*** Block opens ***
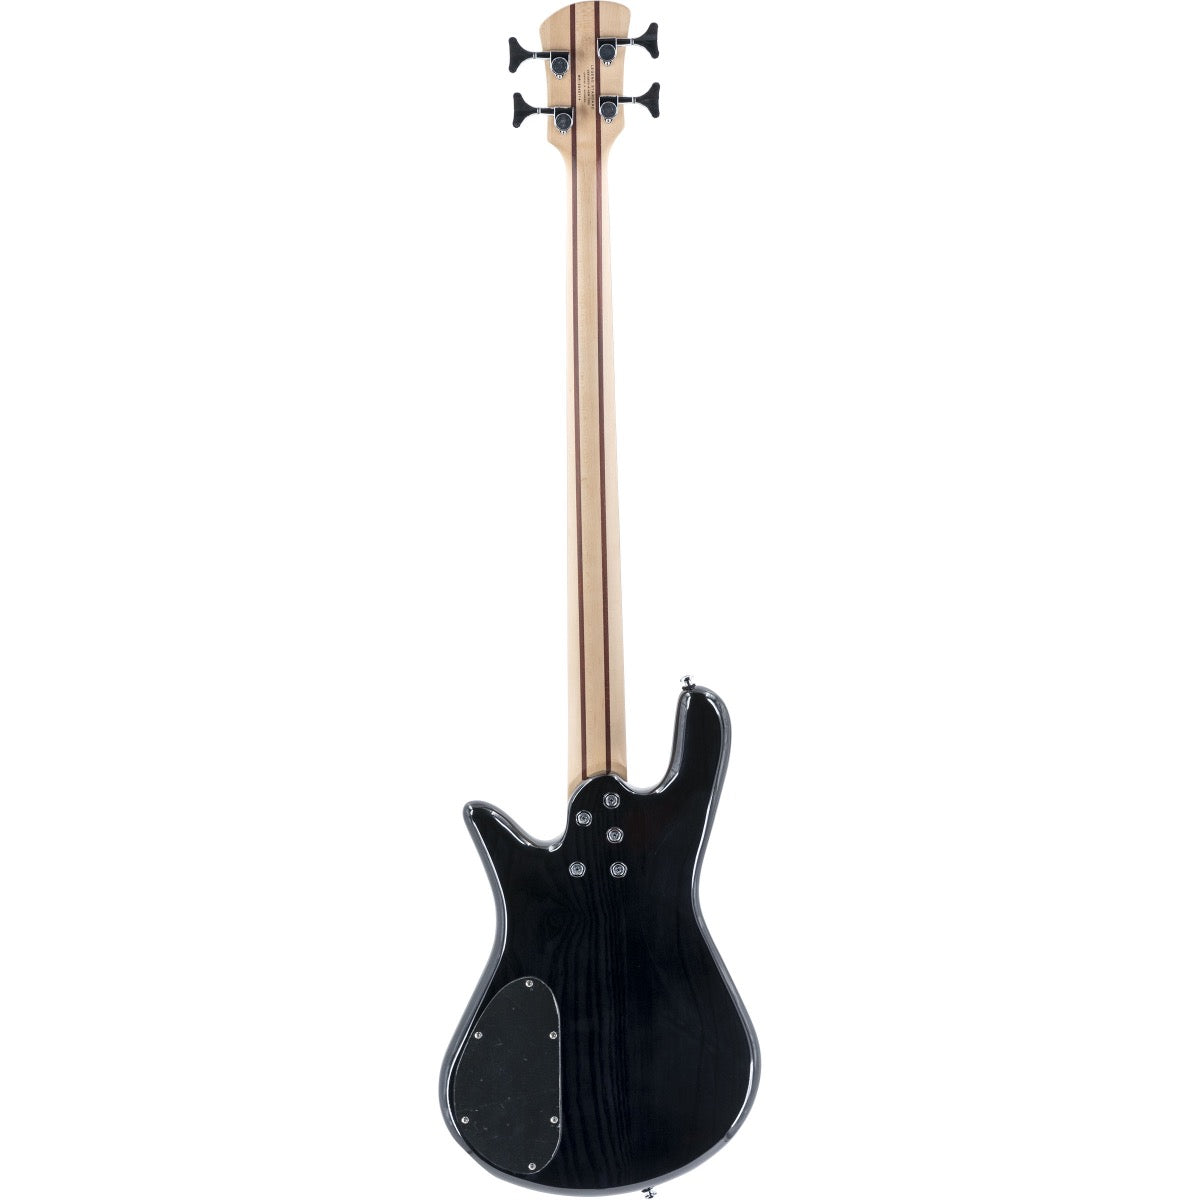 Spector Legend 4 Standard Bass Guitar - Black Stain
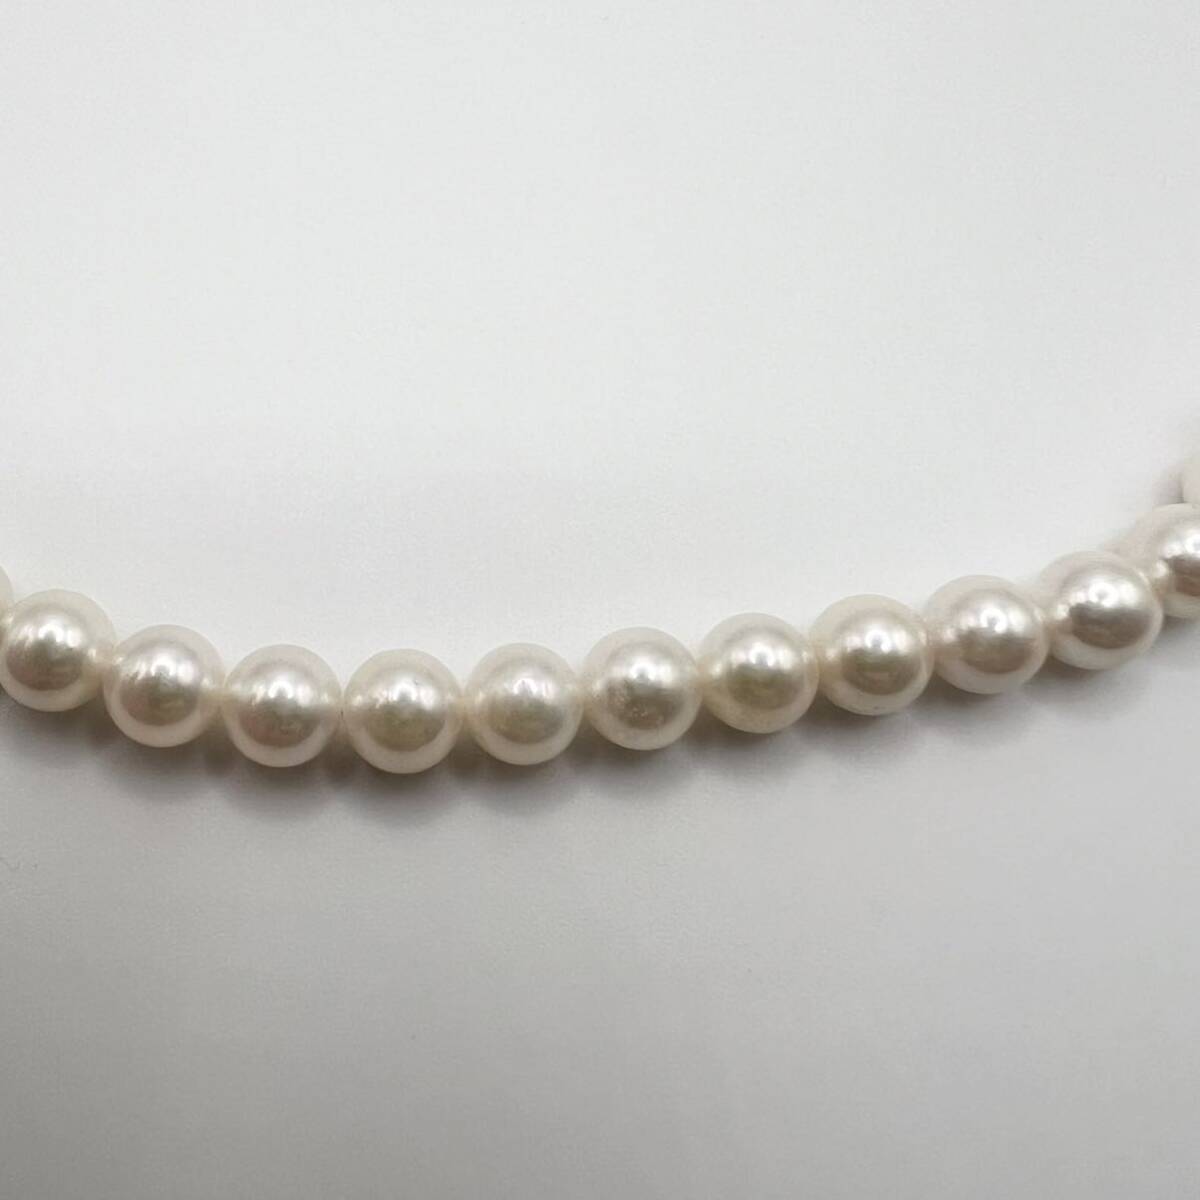 本真珠 akoya あこや真珠 7mm珠 パールネックレス フォーマル ネックレス silver 刻印 送料無料の画像6
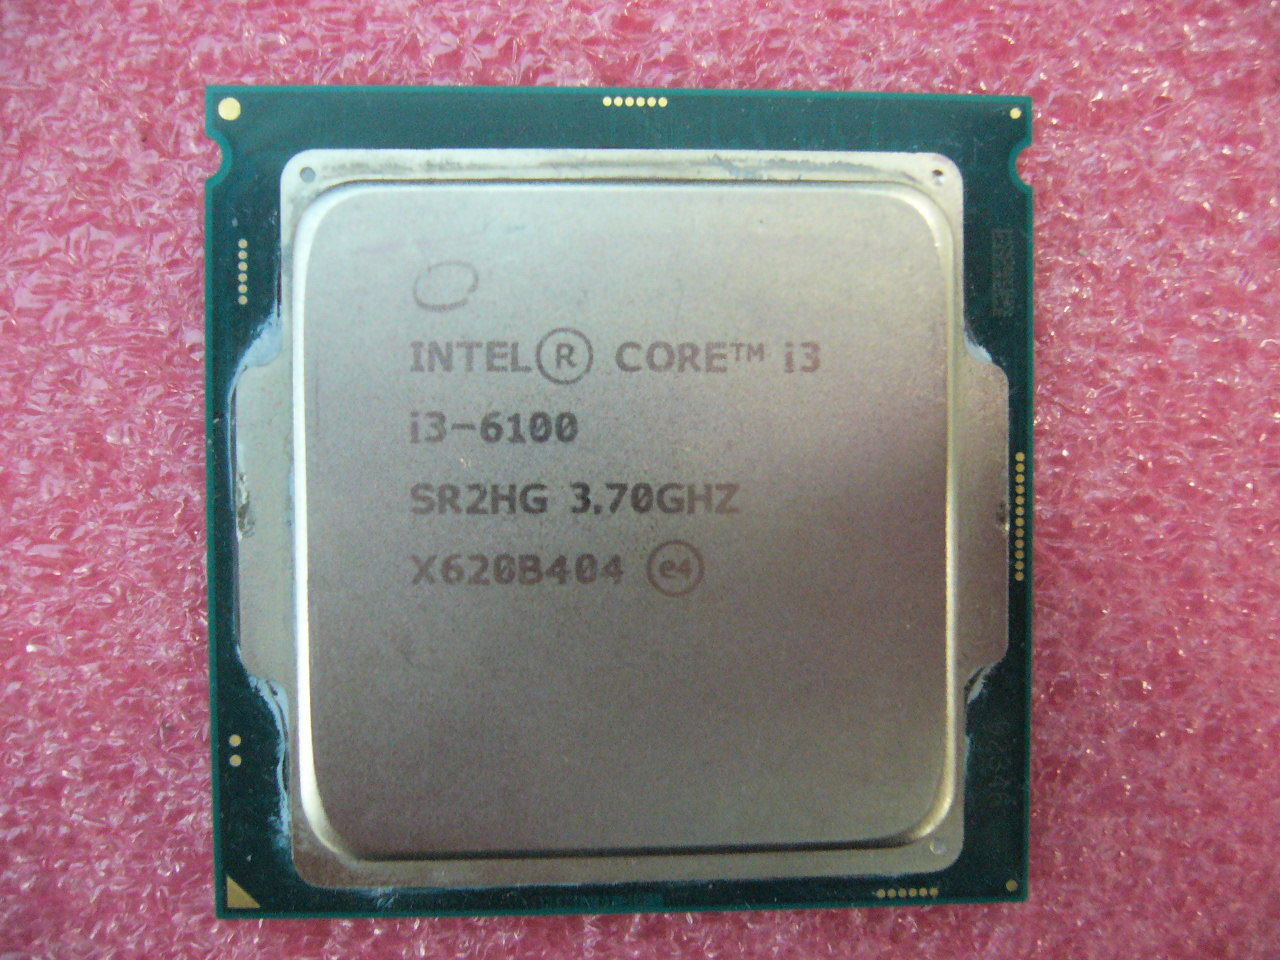 QTY 1x Intel CPU i3-6100 Dual-Cores 3.70Ghz 3MB LGA1151 SR2HG NOT WORKING
*** Block closes ***
▶ Work task
The answer is to be the lines from the line that contains "本真珠 akoya あこや真珠" through the last line of the material, retyped exactly, both included, with pictures left out, please.

▶ Result of this task
 本真珠 akoya あこや真珠 7mm珠 パールネックレス フォーマル ネックレス silver 刻印 送料無料の画像6
 QTY 1x Intel CPU i3-6100 Dual-Cores 3.70Ghz 3MB LGA1151 SR2HG NOT WORKING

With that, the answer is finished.